L’urgence de cette réforme peine d’ailleurs à convaincre puisque son adoption est présentée comme le seul moyen d’échapper au déclin et à la désaffection de l’audience. La ministre est convaincue de la baisse des parts de marché chez les jeunes et les classes populaires, qui se tourneraient vers d’autres modes de consommation. Les auditeurs et téléspectateurs du service public seraient surtout des personnes âgées issues des Catégories socioprofessionnelles plus. Le rapport commandé à Laurence Bloch, ex-patronne de France Inter, par Rachida Dati, va bien dans ce sens. Mais il est contredit par une étude de Médiamétrie, qui montre une progression importante des moins de 25 ans depuis 10 ans dans le groupe Radio France. Une indication négligée par la ministre, qui aime à rappeler ses origines modestes, et accuse volontiers ses détracteurs d’ignorer la classe populaire, dont elle s’est empressée de sortir. L’objectif évident de cette holding sera de faire des économies d’échelle pour dépenser toujours moins en évitant les doublons éventuels et en réduisant les budgets.
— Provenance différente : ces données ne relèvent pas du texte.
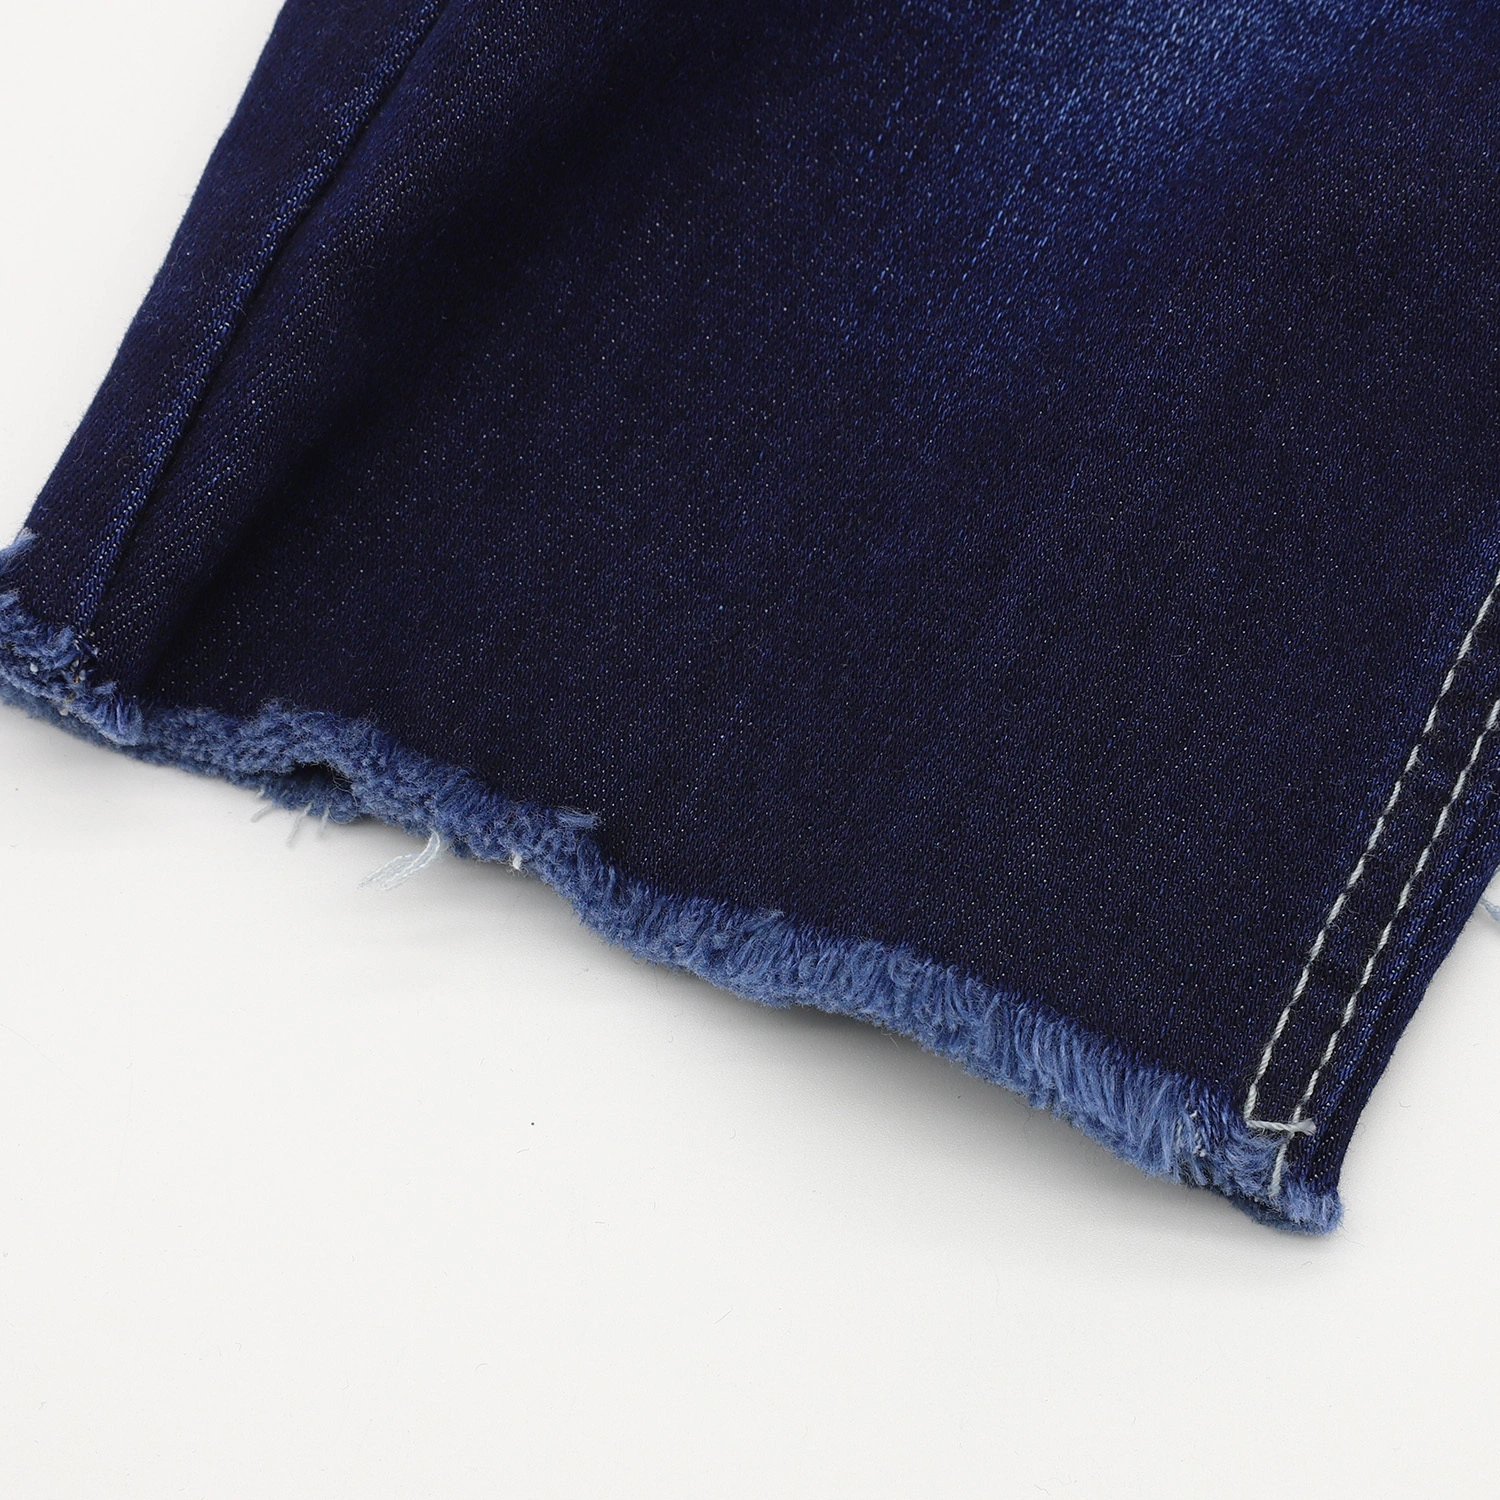 245A-3  12S OA super soft denim fabric with stretch &slub 67%Cotton  28%Poly 3%Viscose 2%Spandex 8

Une menace existentielle qui a conduit l’ensemble des organisations syndicales représentatives à déclencher une grève illimitée pour montrer leur mécontentement et leur détermination.
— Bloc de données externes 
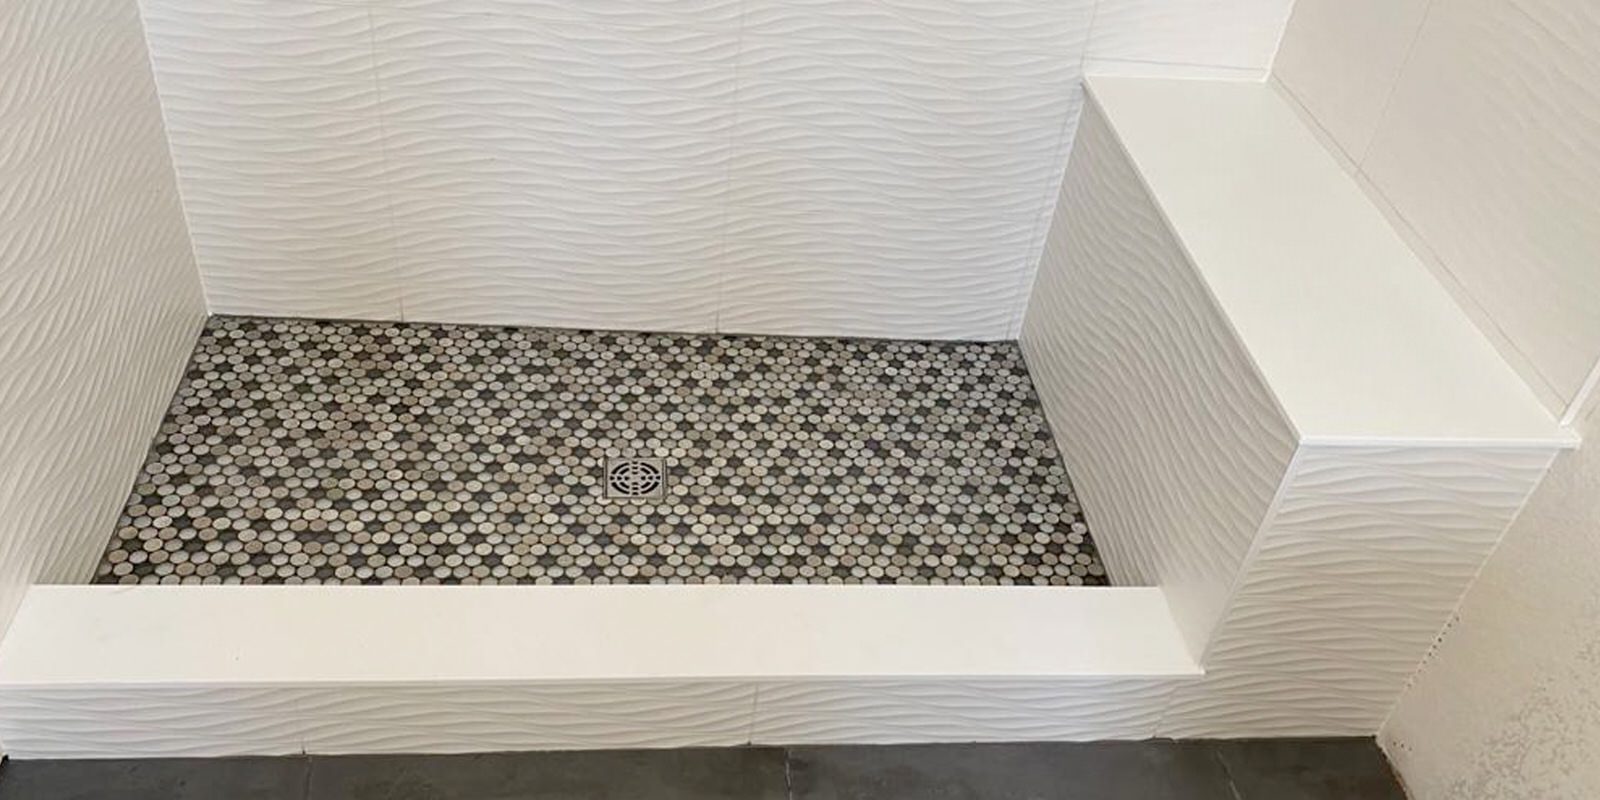 Tile flooring installation in bathroom in denver metro area - extreme flooring

Outre les objectifs financiers, la holding permettrait un contrôle renforcé du contenu éditorial visant à réduire l’indépendance des intervenants à l’antenne. Certains estiment que la holding serait une étape vers la fusion évoquée par le candidat Macron en 2017, un retour à une certaine forme incarnée par l’ORTF en son temps. La présidente de France Télévision, Delphine Ernotte, pressentie pour diriger la future holding, a d’ailleurs pris soin de faire savoir, à toutes fins utiles, le degré de préparation de l’entreprise à se transformer en holding, voire à fusionner, en cas de besoin. Le temps est révolu où les rédactions prenaient leurs instructions directement auprès du ministère de l’Information, mais il ne faudrait pas grand-chose pour que des politiques tels que Rachida Dati cèdent à la tentation d’utiliser leur fonction et leur statut pour tenter d’influencer les médias, comme on l’a vue faire récemment vis-à-vis de Patrick Cohen et Anne-Élisabeth Lemoine.